One of the prevailing schools of thought, of which I was temporarily and regrettably enrolled, regarding an expansion team that unexpectedly expanded unprecedented horizons is that their fans didn't "earn" such immediate success. We can delve into the legitimacy of that claim later, but if who is/was deserving of what emotional toll is the question then the unwarranted torture that the Panthers' fan base has had to endure is just as much part of the answer as the current Viva of Las Vegas. I don't care how limited-in-size or retired-in-community Floridian hockey fans happen to be, because the amount of tough pills that they have been forced into swallowing on nearly a daily basis throughout this postseason would make the most resilient of elderly flush their will to wake up. Explicitly put, if the Knights have a Golden horseshoe up their ass then the Florida Panthers have a fist up theirs, and it's being given the most violent of spin seemingly every time the team whose construction was exacerbated predominantly by one organization's incompetence takes the ice. You could easily look at Reilly Smith's game-winning snipe in Game 4 as if it were a shot to the heart of the team that paid dearly to give him away...

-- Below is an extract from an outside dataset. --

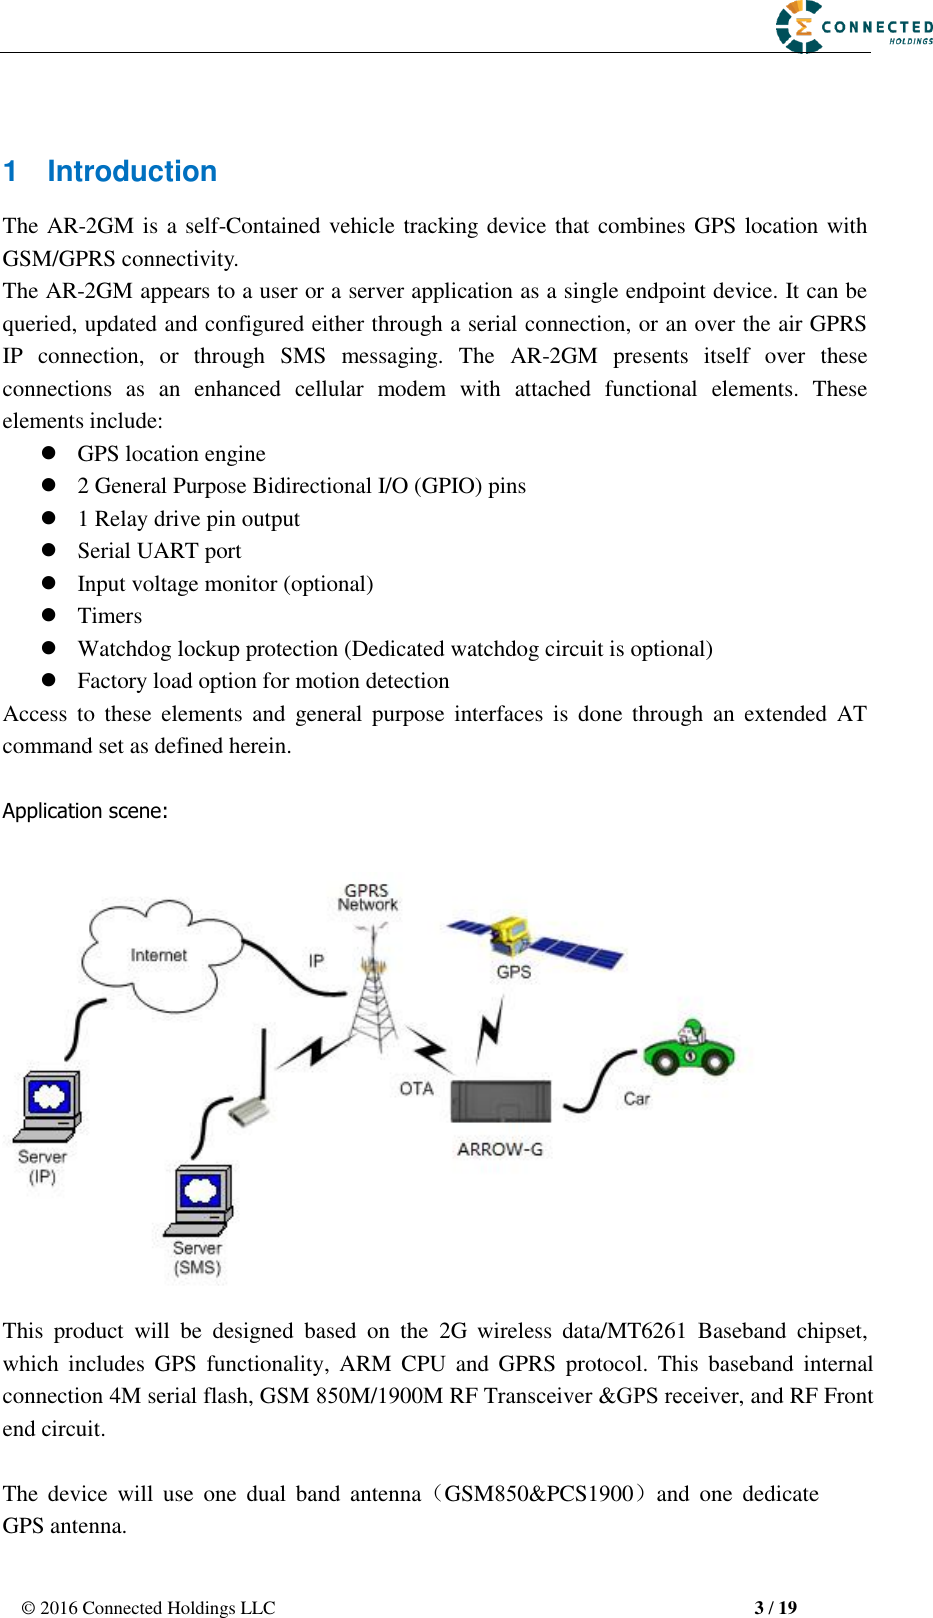 © 2016 Connected Holdings LLC  3 / 19 1  Introduction The AR-2GM is a self-Contained vehicle tracking device that combines GPS location with GSM/GPRS connectivity. The AR-2GM appears to a user or a server application as a single endpoint device. It can be queried, updated and configured either through a serial connection, or an over the air GPRS IP  connection,  or  through  SMS  messaging.  The  AR-2GM  presents  itself  over  these connections  as  an  enhanced  cellular  modem  with  attached  functional  elements.  These elements include:   GPS location engine2 General Purpose Bidirectional I/O (GPIO) pins1 Relay drive pin outputSerial UART portInput voltage monitor (optional)TimersWatchdog lockup protection (Dedicated watchdog circuit is optional)Factory load option for motion detectionAccess  to  these  elements  and  general  purpose  interfaces  is  done  through  an  extended  AT command set as defined herein. Application scene: This  product  will  be  designed  based  on  the  2G  wireless  data/MT6261  Baseband  chipset, which  includes  GPS  functionality,  ARM  CPU  and  GPRS  protocol.  This  baseband  internal connection 4M serial flash, GSM 850M/1900M RF Transceiver &amp;GPS receiver, and RF Front end circuit. The  device  will  use  one  dual  band  antenna（GSM850&amp;PCS1900）and  one  dedicateGPS antenna.

However, to treat it as such you'd basically have to view said heart as having long been left cold and dead, as it belongs to a beaten body that's become more tattered than a Kanye West clothing line as Jonathan Marchessault has continued killin' it throughout the playoffs...
If the Panthers were made sick by having their praiseworthy playoff push fall one point short then it's their own front office that let the medicine that could have settled their stomach slip into the hands of an upstart organization that was well within its draft rights to exponentially boost its value more than Martin Shkreli. Even more unfortunate, that comparison somehow isn't limited to Dale Tallon voluntarily forfeiting 2/3rd's of a first line to an eventual Stanley Cup finalist. After all, let's not forget that it was the Panthers that literally left a 'Coach Of The Year' finalist sitting curbside like a piece of furniture that overstayed its welcome before seeing his candidacy consummated elsewhere. Call it an ironic twist on a tale of revenge. Florida threw out Gerard Gallant like yesterday's trash in search of the advancement of analytics, but - other than Marc-Andre Fleury posting an average rate of success that rivals Ted Williams playing tee-ball - there's hardly one stat that backs up the street smarts he's summoned in getting the absolute most out of his golden group of misfits. You need not look further than the nauseatingly repetitive and relatively uneducated criticisms of head coaches in hockey to see that, outside of the standings, the direct results of beneficial work behind the bench typically go unseen. For that reason, it's a rarity that's nearly as rare as the first year success of a franchise for someone to speak strongly about his personal approach to the game and see it immediately return undeniable dividends during the next game. Check the timestamps on the following sequence of events and Gerard Gallant's contributions to the most unlikely of underdog stories becomes as impossible to dismiss as the chemistry that exists atop his lineup...
As is the case with everything that's happened (but not stayed) in Vegas this season, trying to script the circumstances surrounding part-time 4th liner Tomas Nosek's first ever postseason goal would leave you with more of a headache than absorbing a punch from Mike Tyson and make you wish a lingering 'Hangover' was the only thing responsible for your writer's block. Having the type of unrelenting luck that would get your hands literally and figuratively removed in the backroom of every establishment within a two mile radius of an arena that has basically shown the brightest of lights on the phrase "the house always wins" has become par for the course for a team that's put off golfing as long as professionally possible. However, it bears mentioning that their serendipity-aided success had to come at the expense of someone, and that someone is an organization that was poorly run even before it became overrun by 'Murphy's Law' and a fanbase that probably feels as though they are stuck in a nightmare.